GSA Connects 2021 in Portland, Oregon

Paper No. 239-5
Presentation Time: 2:55 PM


JUNIUM, Christopher, Department of Earth Sciences, Syracuse University, 204 Heroy Geology Laboratory, Syracuse, NY 13244, COHEN, Phoebe, Department of Geosciences, Williams College, Williamstown, MA 01267, PORTER, Susannah, Department of Earth Science, University of California, Santa Babara, Santa Barbara, CA 93106 and AGIC, Heda, University of California Santa Barbara Dept Earth Science, 1006 Webb Hall, Santa Barbara, CA 93106-0001

The legacy of Andrew Knoll and his many students and collaborators rests largely in their unique insights about the Proterozoic, particularly toward the microfossil record as well as the dynamics of the deep time carbon cycle. Here we combine these two areas through the analysis of single organic walled microfossils for their carbon isotopic composition using nano-EA-IRMS. Resolving questions about the ecology of organic walled microfossils (OWM) in the Proterozoic and Paleozoic has largely relied on taxonomy of the fossils themselves coupled with the geochemistry of the host sediments. However, direct geochemical analyses of OWM are increasingly common and will sharpen our understanding of OWM-producing organisms, the conditions under which they evolved, and controversies regarding the carbon cycle to which they contributed.
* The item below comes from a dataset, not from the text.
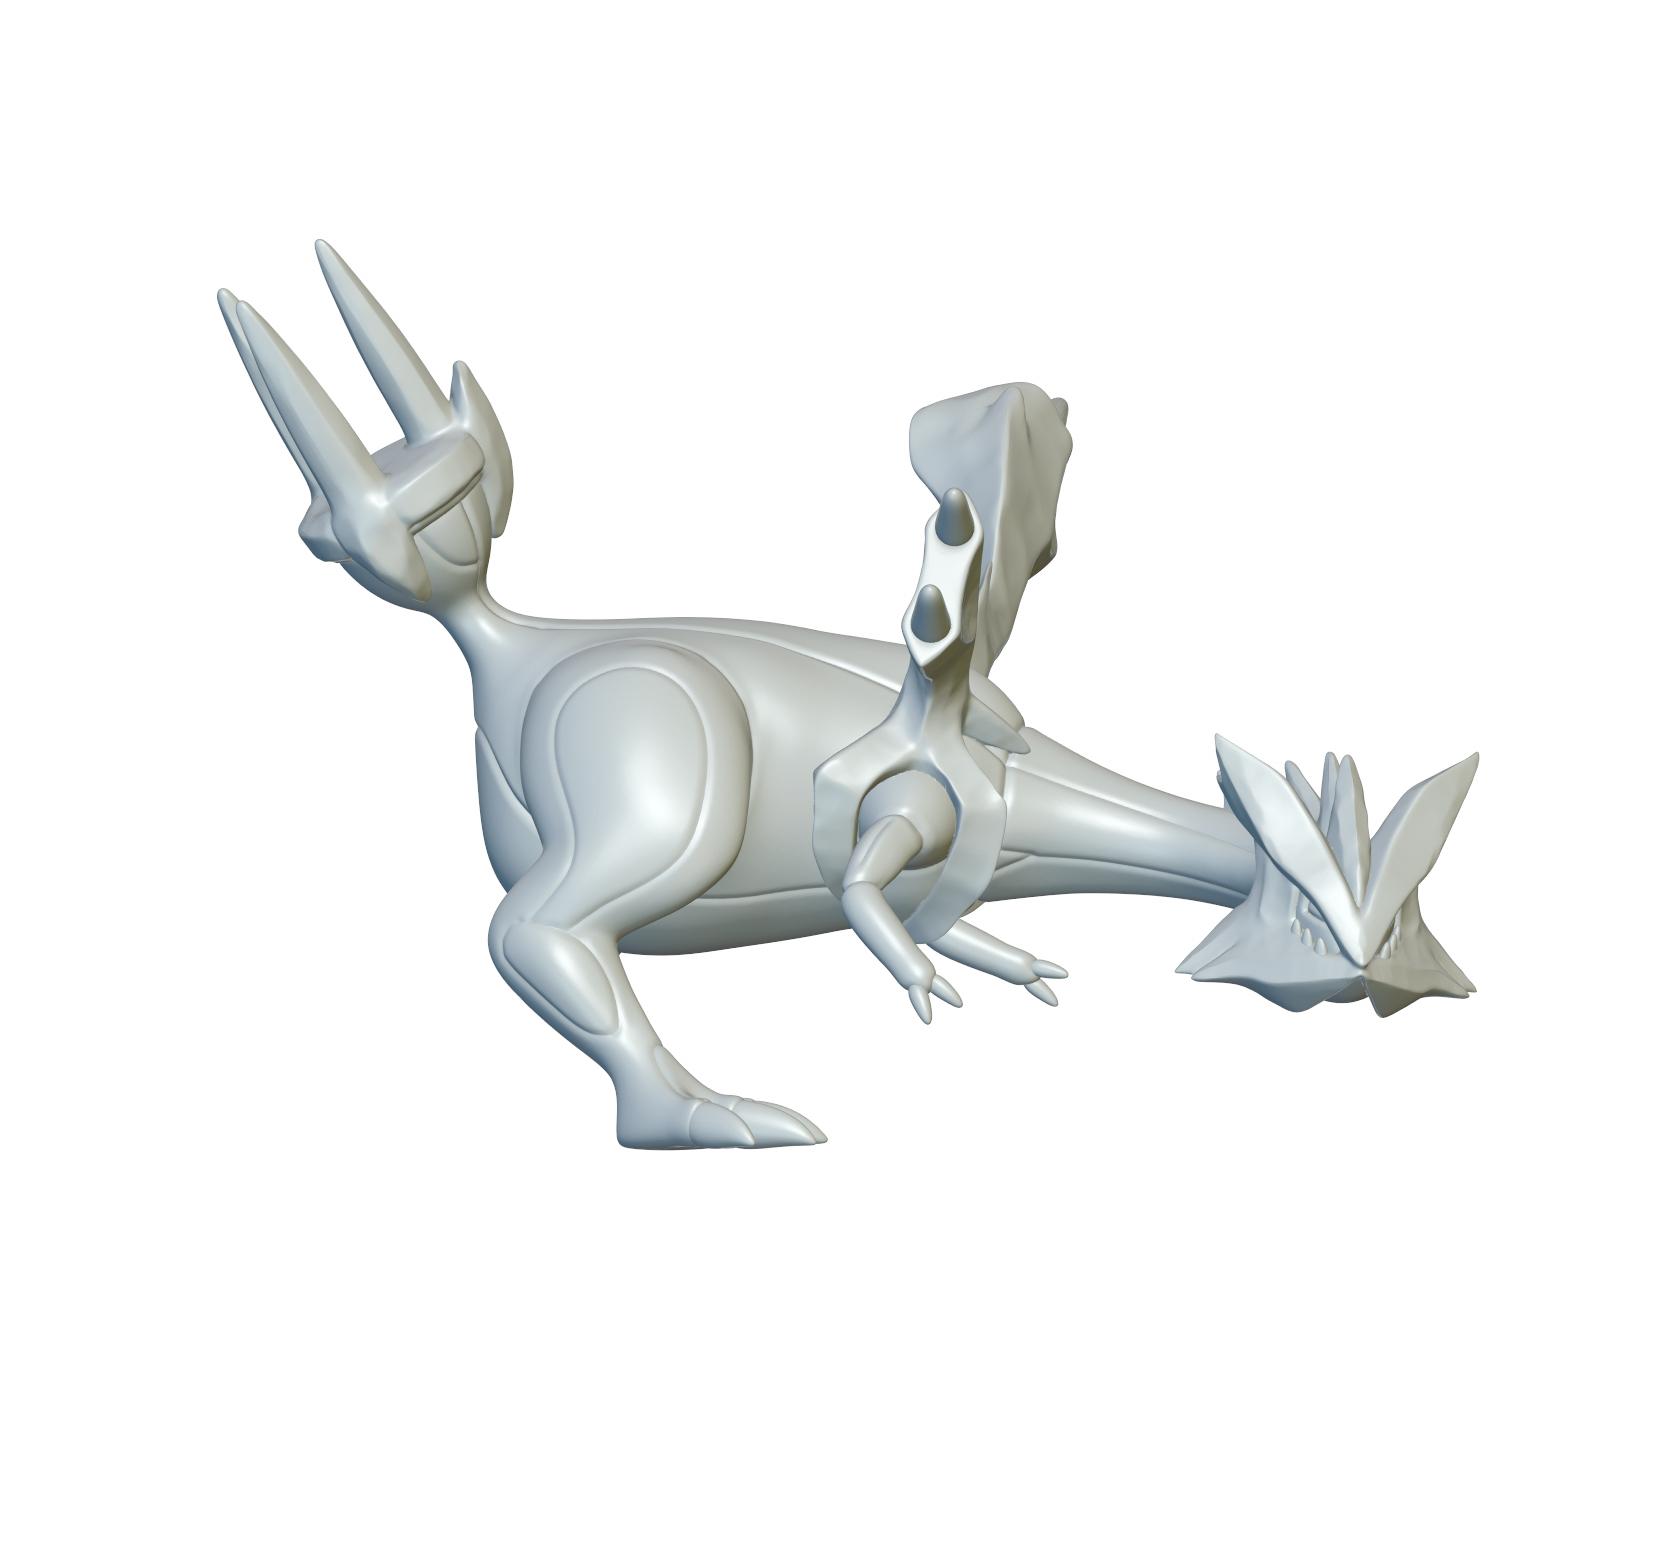 Pokemon Kyurem #646 - Optimized for 3D Printing 3d model
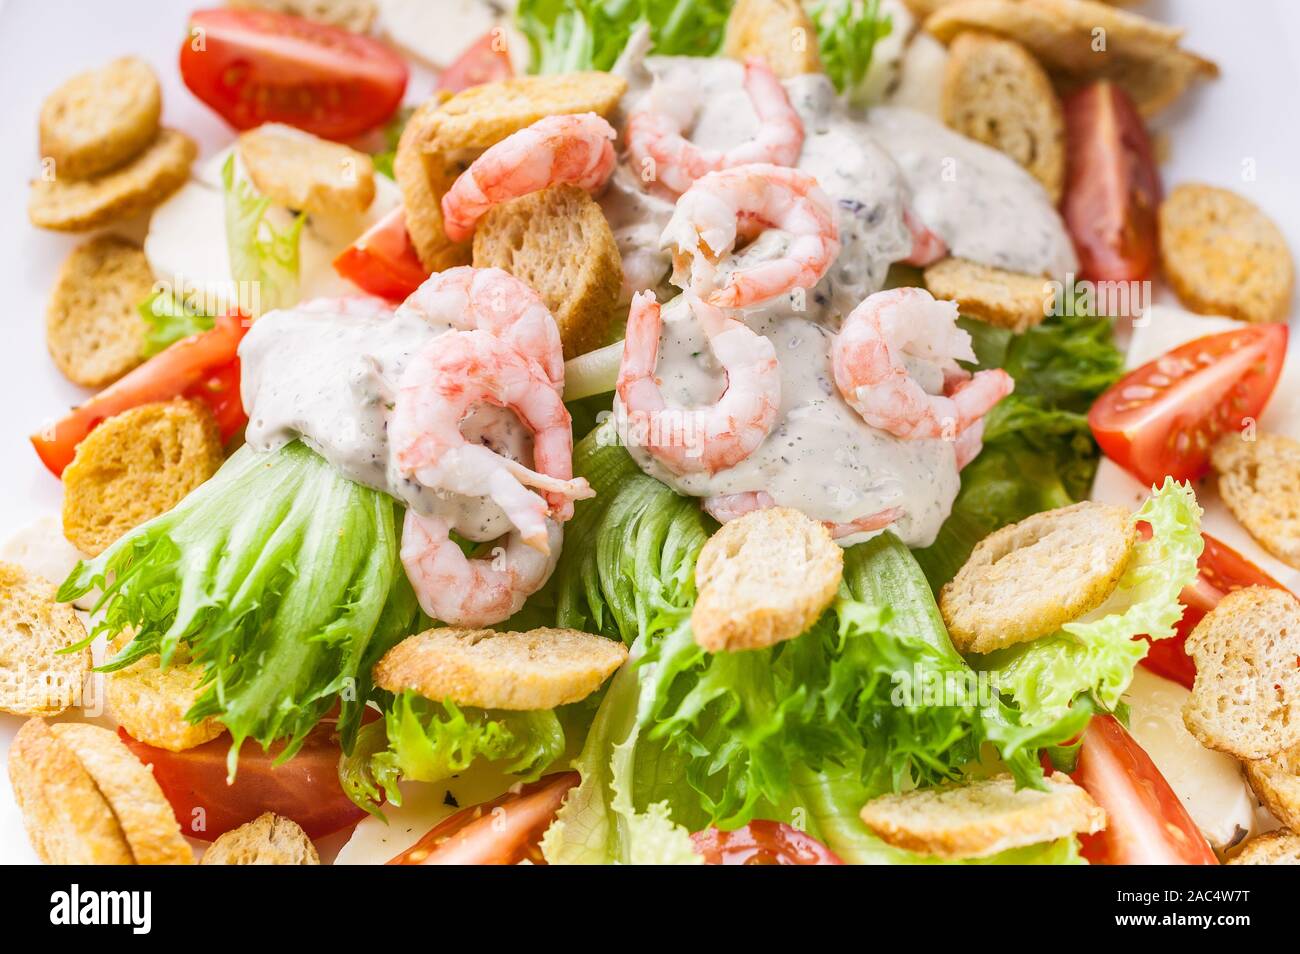 Close-up avec salade de crevettes, avocat, laitue, fromage et craquelins sur une plaque blanche. Recettes de fruits de mer délicieux et sains. Banque D'Images

Our work thus far has focused on analyses of well-preserved microfossils from late Devonian of NY, the Tonian Chuar Group and the Mesoproterozoic Velkerri Formation. In general, OWM δ13C analyses of a single taxon from one sample have a broad δ13C range, in some cases more than 15‰, which underscores the environmental and C-cycle variability contained within the ~kiloyears preserved in one sample compared to the days reflected in the lifetime of one single OWM. In samples where OWM diversity allows for analysis of multiple taxa we observe δ13C differences between OWM types, suggesting ecological differences. In the Late Devonian rocks and the Roper Group average OWM δ13C is higher than bulk rock δ13C by 2 to 10‰, regardless of species. The 13C-enrichment of OWM may be the result of biosynthetic processes (fossil size, wall composition or carbon concentration mechanisms) or related to a shallower water habitat and utilization of 13C-enriched carbon substrates. However, the Chuar Group provides an alternative perspective; the OWM are almost exclusively 13C-depleted relative to bulk rock δ13C, that can be as high as -14‰. In the case of the Chuar Group the origins of the disparities between the bulk rock and OWM δ13C values may be the result of unique OWM ecologies, 13C-enriched detrital OM or processes yet to be revealed. While still in its initial stages, this work has revealed new insights about OWM and their ecosystems, and perhaps more importantly, it is breaking organic carbon into its physically resolvable components to determine where the bulk rock δ13Corg signal resides, and what it means. Thus, this approach has wide utility in addressing other long-standing questions regarding carbon cycle dynamics in deep time.